Tying Notes: Make sure to use a dubbing that has a nice mix of underfur and guard hairs, to get that “buggy” look. I tie most of these heavily weighted. I do leave some unweighted for those occasions when I want to drift it in shallow or slow moving water.

General Notes:This pattern was originated by Central Pennsylvania Fly Fishing star Walt Young. He created it as a simple crane fly larva pattern. However, it is so effective, in so many places that I think it is taken by the trout as many different things (sow-bugs, scuds, crane-fly larvae, caddis larvae). That general effectiveness is the reason it is a staple in many fly-boxes. Tie these up in size 10 through 16. make sure you fish it dead-drifting right along the bottom.
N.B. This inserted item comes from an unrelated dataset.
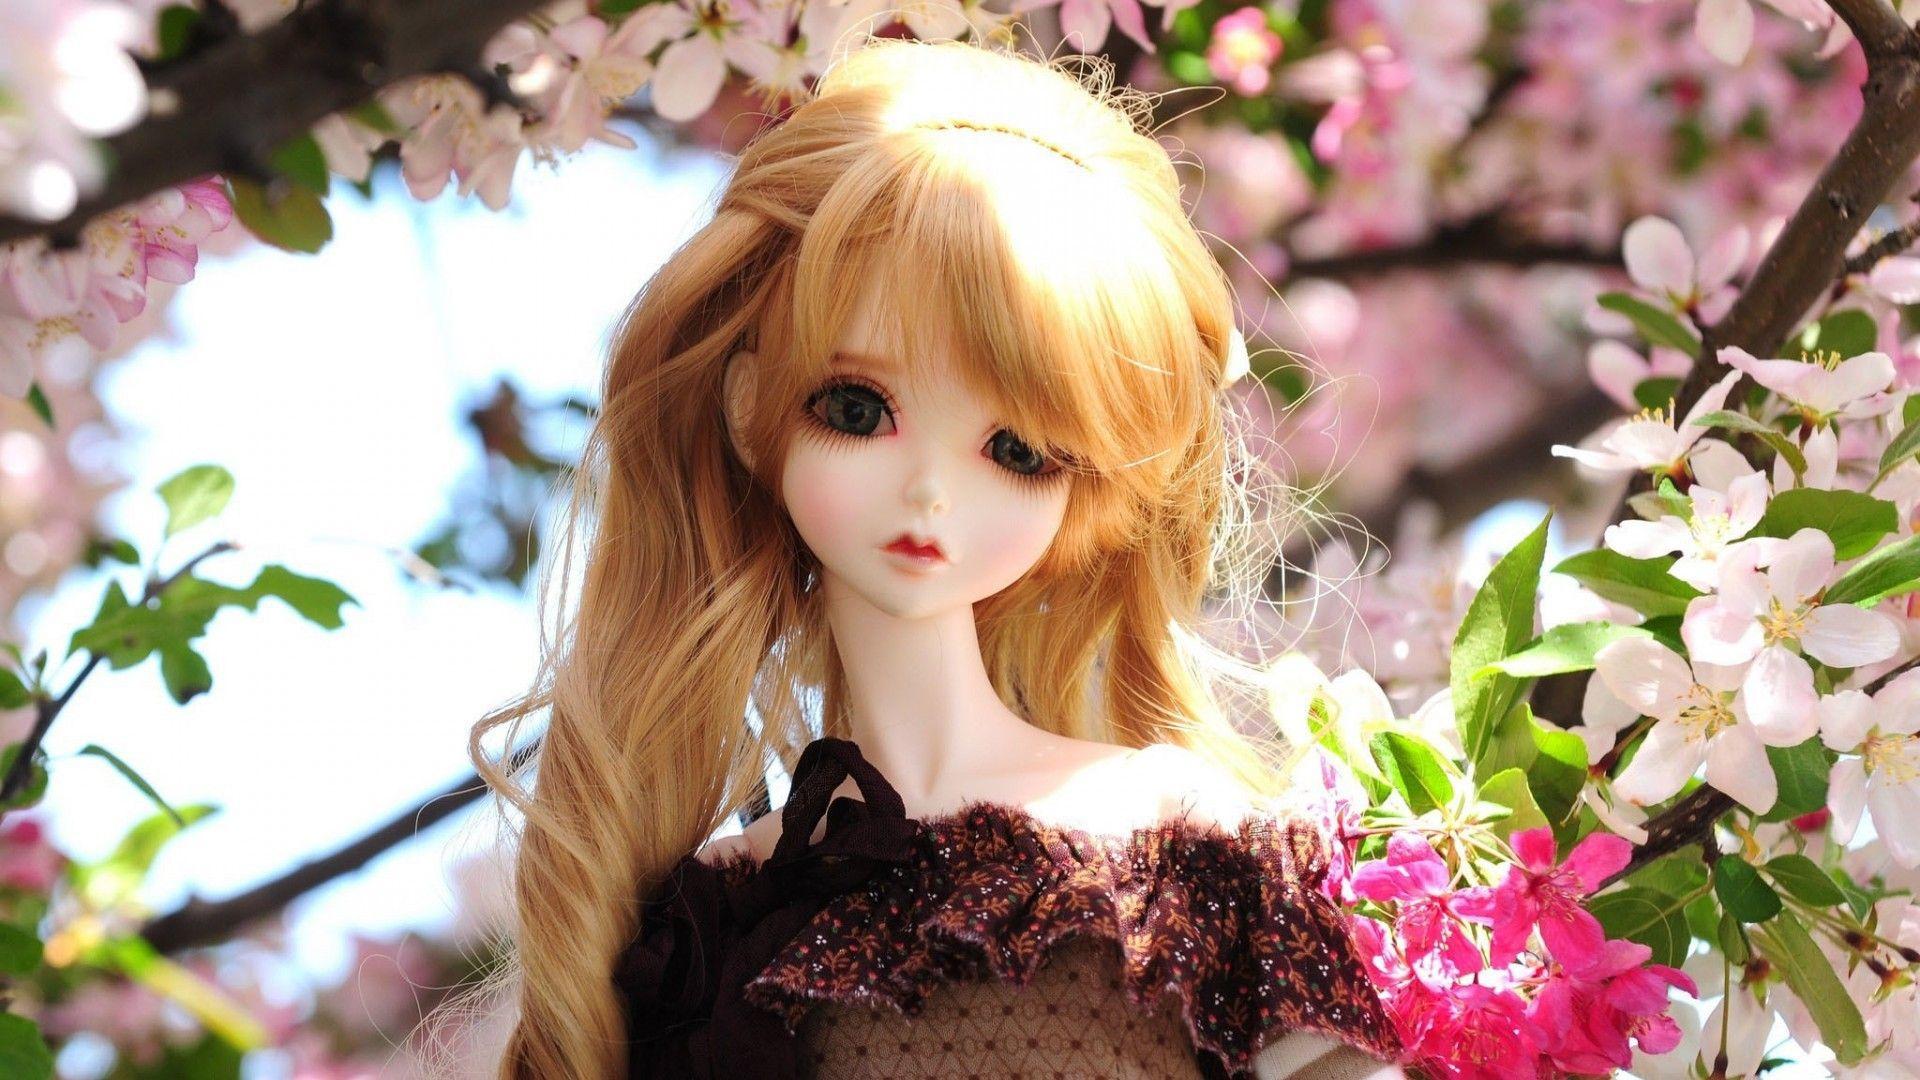 Cute Barbie HD Image #CuteBarbie #cute #barbie #hdwallpaper

I use Walt’s Worm most often as a sow-bug imitation on Pennsylvania’s Spring Creek. There are more elaborate imitations available of course – but Walt’s Worm has caught more fish for me on Spring Creek than anything else.

3 Comments on Walt’s Worm

  1. CM_Stewart // May 16, 2009 at 8:33 PM // Reply

    Blend in just a few strands of red mohair. When thoroughly wet, that will give the fly a slight pinkish tone, which is what Frank Sawyer achieved for his Killer Bug with the now unobtainable Chadwick’s 477 yarn. The Killer Bug looks an awful lot like Walt’s worm, and the pinkish tone from the yarn is supposedly what made it so very effective.

    • Anthony Naples // May 17, 2009 at 9:15 AM // Reply

      CM_Stewart,
      That’s very interesting – do you know what the intent was of the Killer Bug? Was it meant as an imitation of anything in particular?

  2. CM_Stewart // May 18, 2009 at 6:28 PM // Reply

    It was originally tied to imitate a gammarus pulex (known to American anglers as a scud).

    http://www.thomasames.com/insects/other/scud.htm

    The following article was written by Frank Sawyer’s grandson.
    http://www.squidoo.com/sawyerkillerbug

    I don’t rely on sight fishing as the article suggests, but I do find that the killer bug is by far my most effective subsurface fly. I don’t fish spring creeks, but it really is a “killer” anywhere there are scuds.

what say you?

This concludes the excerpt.